A car is standing 200m behind a bus , which is also at rest . The two. Start moving at the same instant but with different forward accelerations. The bus has acceleration `2 ms ^(-2)` and The car has acceleration `4 ms^(-2)` The car will catch up will the bus after time :

To solve the problem, we need to find the time at which the car catches up with the bus.
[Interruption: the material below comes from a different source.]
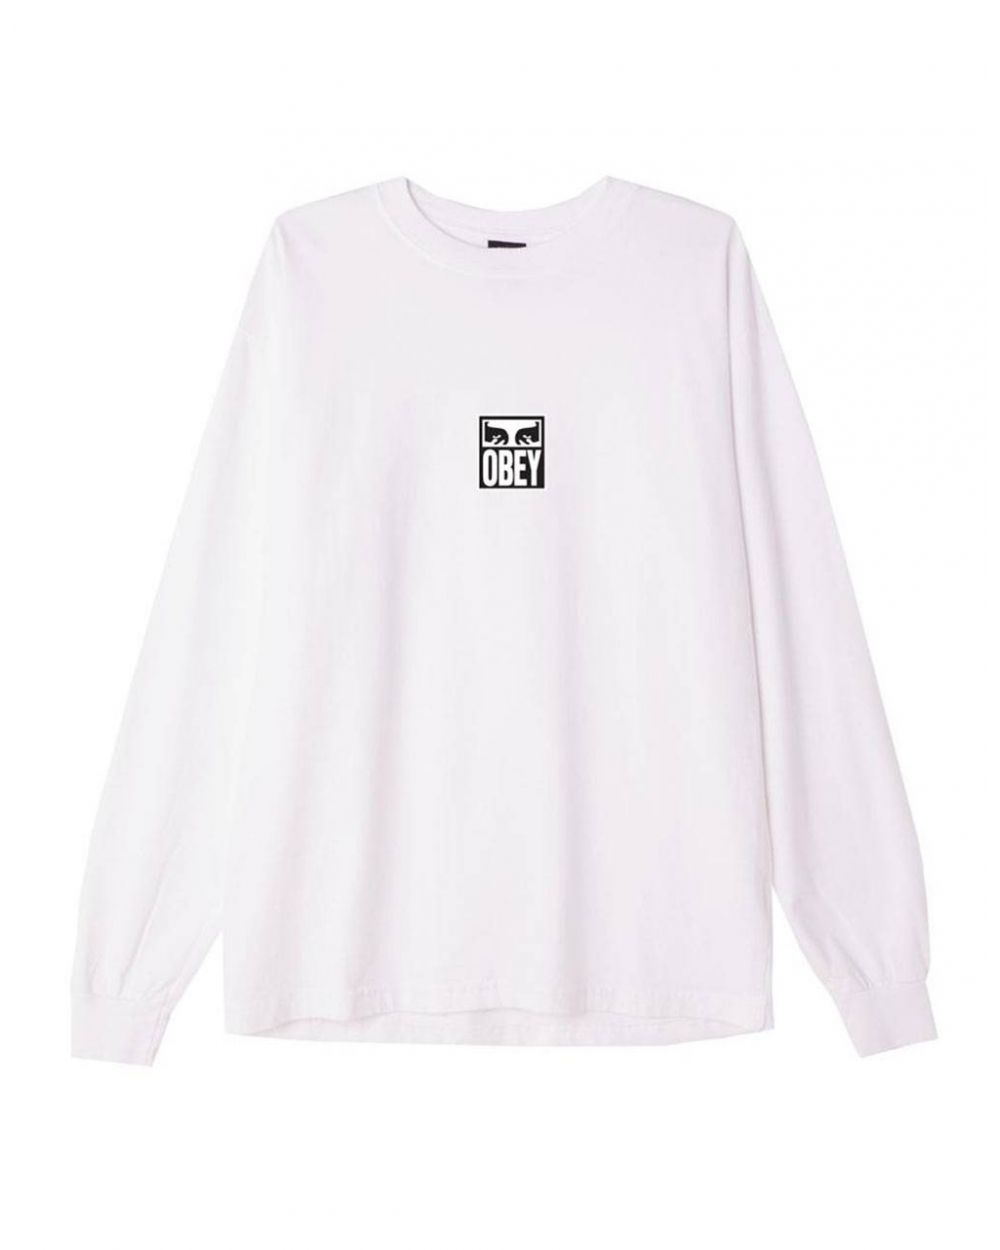 Obey Eyes icon 3 heavyweight longsleeve - white obey T-shirt 49,18€

Let's break it down step by step. ### Step 1: Understand the Initial Conditions - The car is initially 200 meters behind the bus. - Both vehicles start from rest. - The acceleration of the bus (AB) is \(2 \, \text{m/s}^2\). - The acceleration of the car (AC) is \(4 \, \text{m/s}^2\). ### Step 2: Set Up the Equations of Motion Using the second equation of motion, we can express the distance traveled by both the bus and the car after time \(t\). 1. **For the Bus:** \[ S_B = U_B t + \frac{1}{2} A_B t^2 \] Since the bus starts from rest (\(U_B = 0\)): \[ S_B = 0 + \frac{1}{2} \cdot 2 \cdot t^2 = t^2 \quad \text{(Equation 1)} \] 2. **For the Car:** \[ S_C = U_C t + \frac{1}{2} A_C t^2 \] Since the car also starts from rest (\(U_C = 0\)): \[ S_C = 0 + \frac{1}{2} \cdot 4 \cdot t^2 = 2t^2 \quad \text{(Equation 2)} \] ### Step 3: Relate the Distances The car is initially 200 meters behind the bus, so when the car catches up, the distance traveled by the car (SC) will be equal to the distance traveled by the bus (SB) plus 200 meters: \[ S_C = S_B + 200 \] Substituting the equations from above: \[ 2t^2 = t^2 + 200 \] ### Step 4: Solve for Time \(t\) Rearranging the equation: \[ 2t^2 - t^2 = 200 \] \[ t^2 = 200 \] Taking the square root of both sides: \[ t = \sqrt{200} = \sqrt{100 \cdot 2} = 10\sqrt{2} \, \text{seconds} \] ### Conclusion The time at which the car catches up with the bus is \(10\sqrt{2}\) seconds. ---